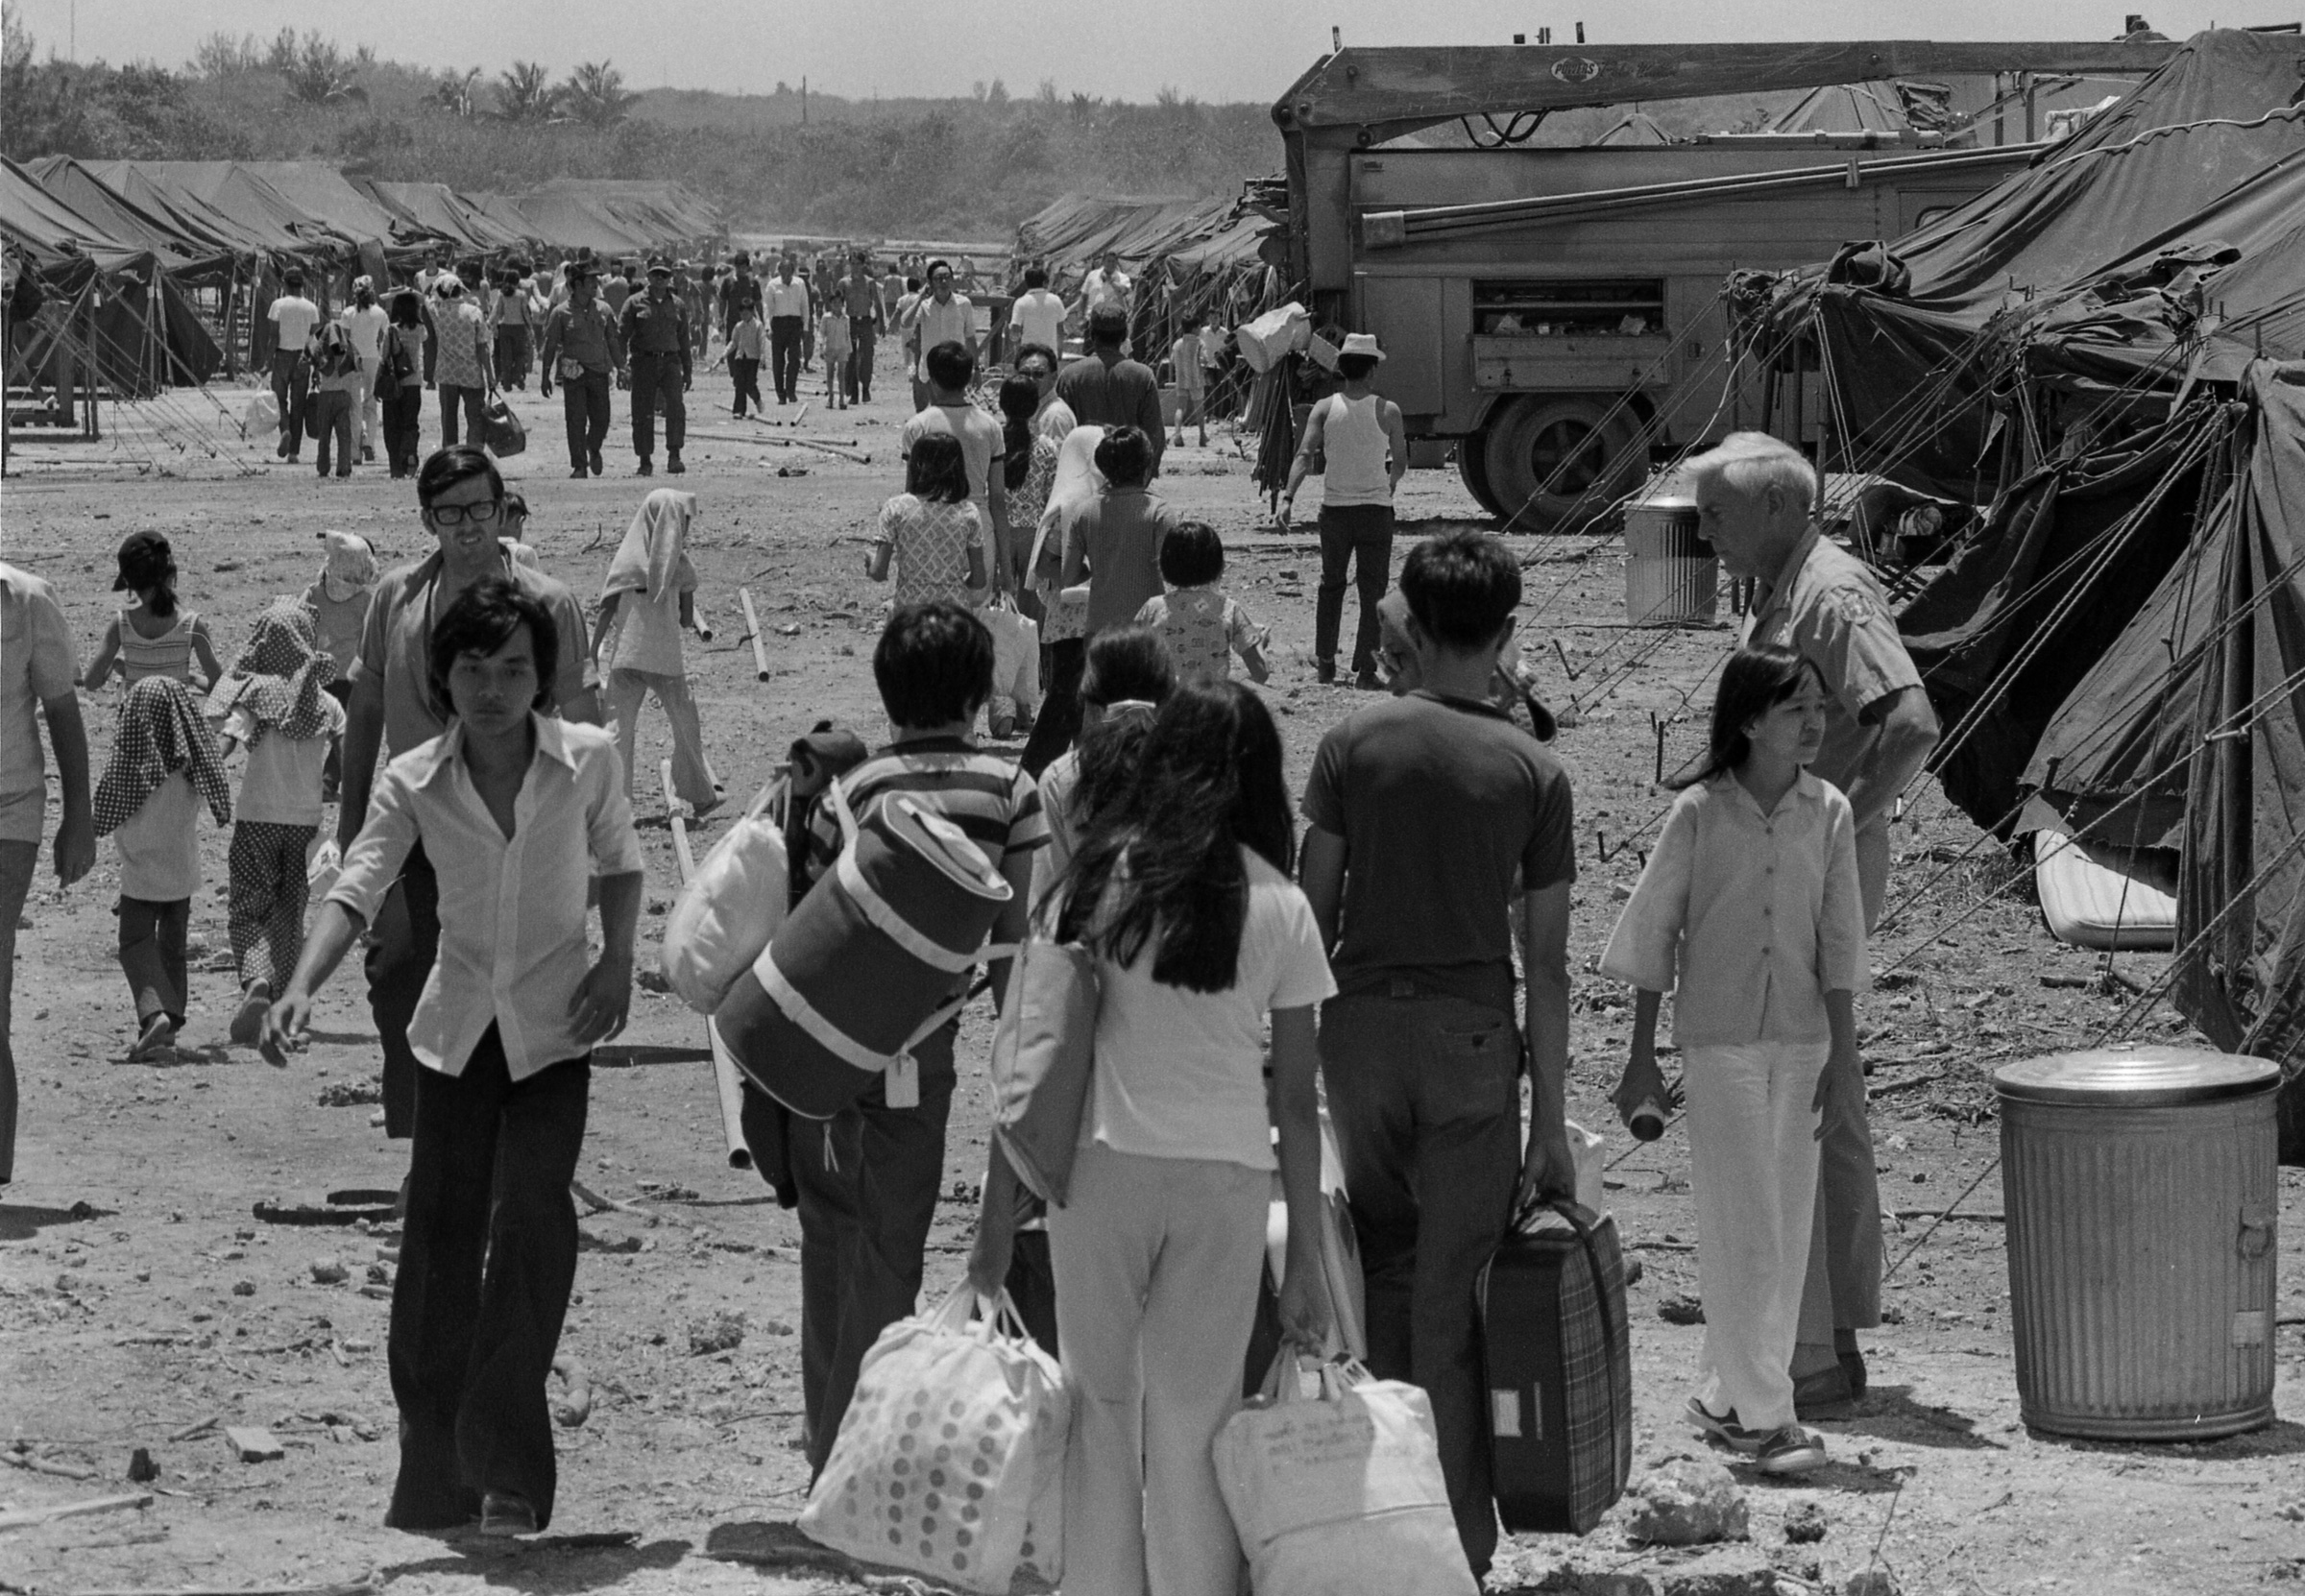 More than 3,000 refugees from South Vietnam enter the camp at Crote Point in Guam Naval Base after they were shifted from Clark Air Base in the Philippines, April 26, 1975. (Bettmann Archive/Getty Images)
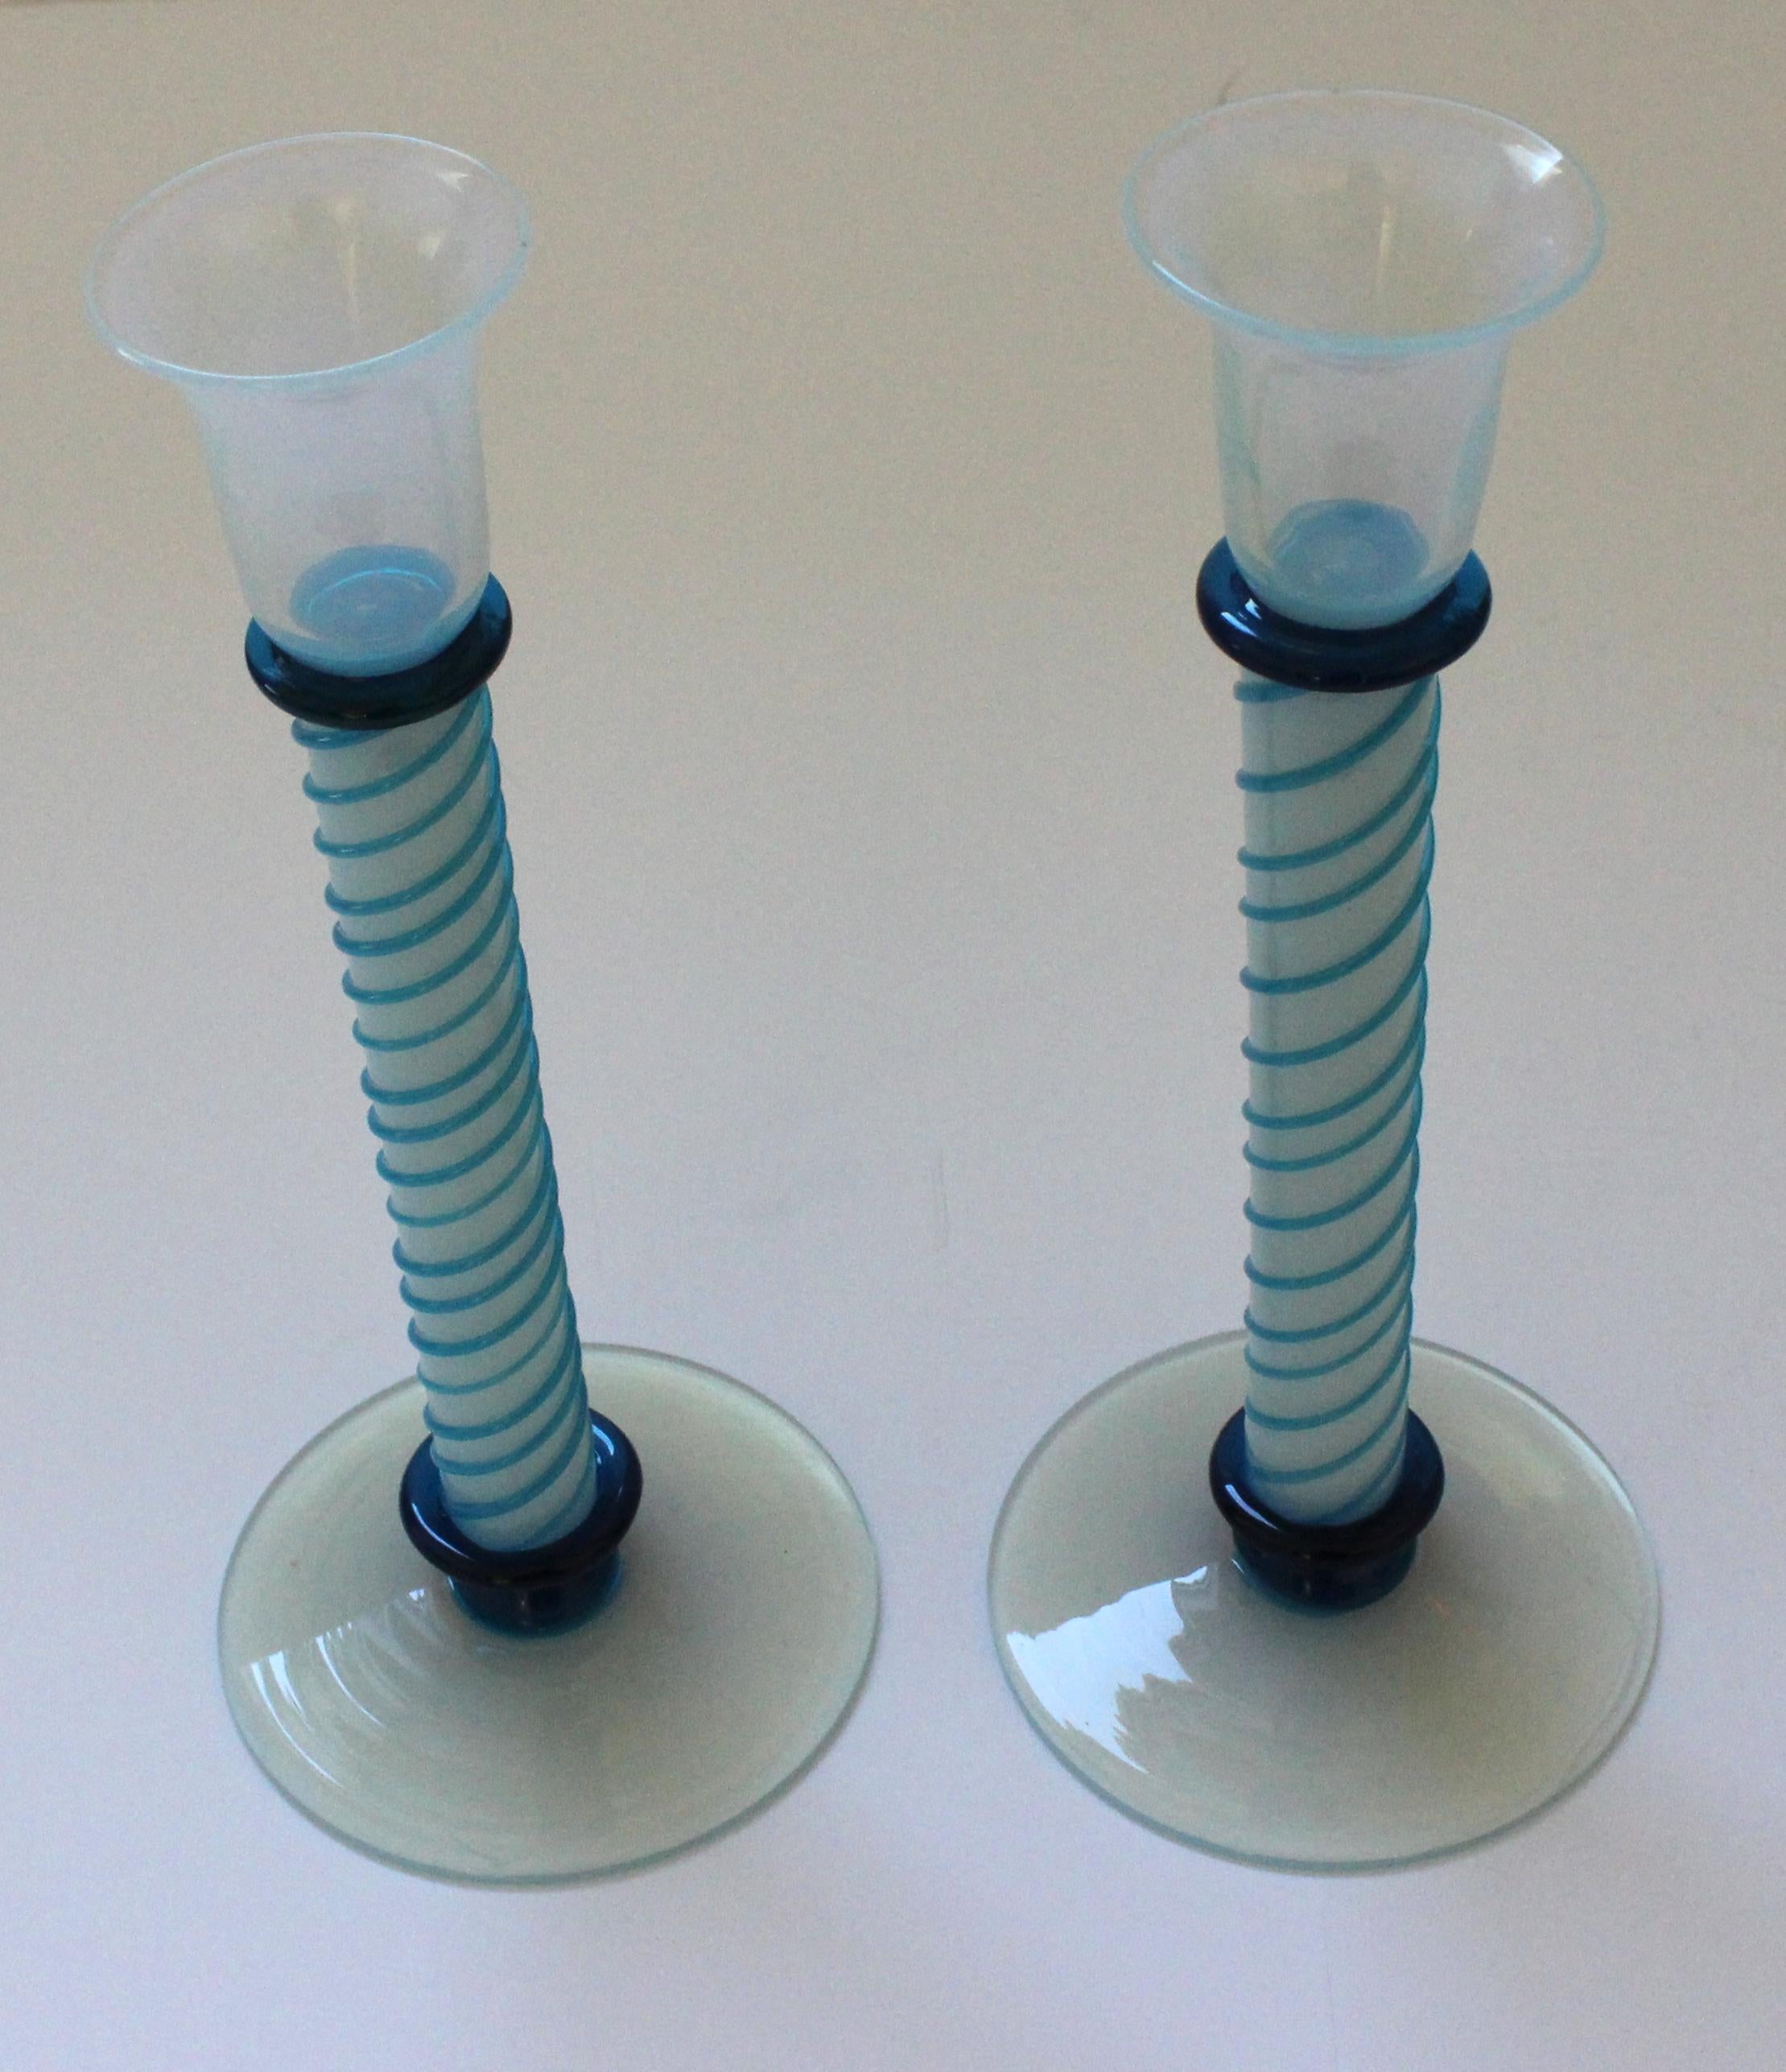 This stylish and chic pair of Murano glass candlesticks will make a subtle statement with their colors of agean blue, turquoise and opalescent.

Note: Dimensions of one candlestick are 10.50

_Instructions to follow_. Each line above should be written out again exactly, without any image.

_Your solution_.
 More than 3,000 refugees from South Vietnam enter the camp at Crote Point in Guam Naval Base after they were shifted from Clark Air Base in the Philippines, April 26, 1975. (Bettmann Archive/Getty Images)
 This stylish and chic pair of Murano glass candlesticks will make a subtle statement with their colors of agean blue, turquoise and opalescent.

Note: Dimensions of one candlestick are 10.50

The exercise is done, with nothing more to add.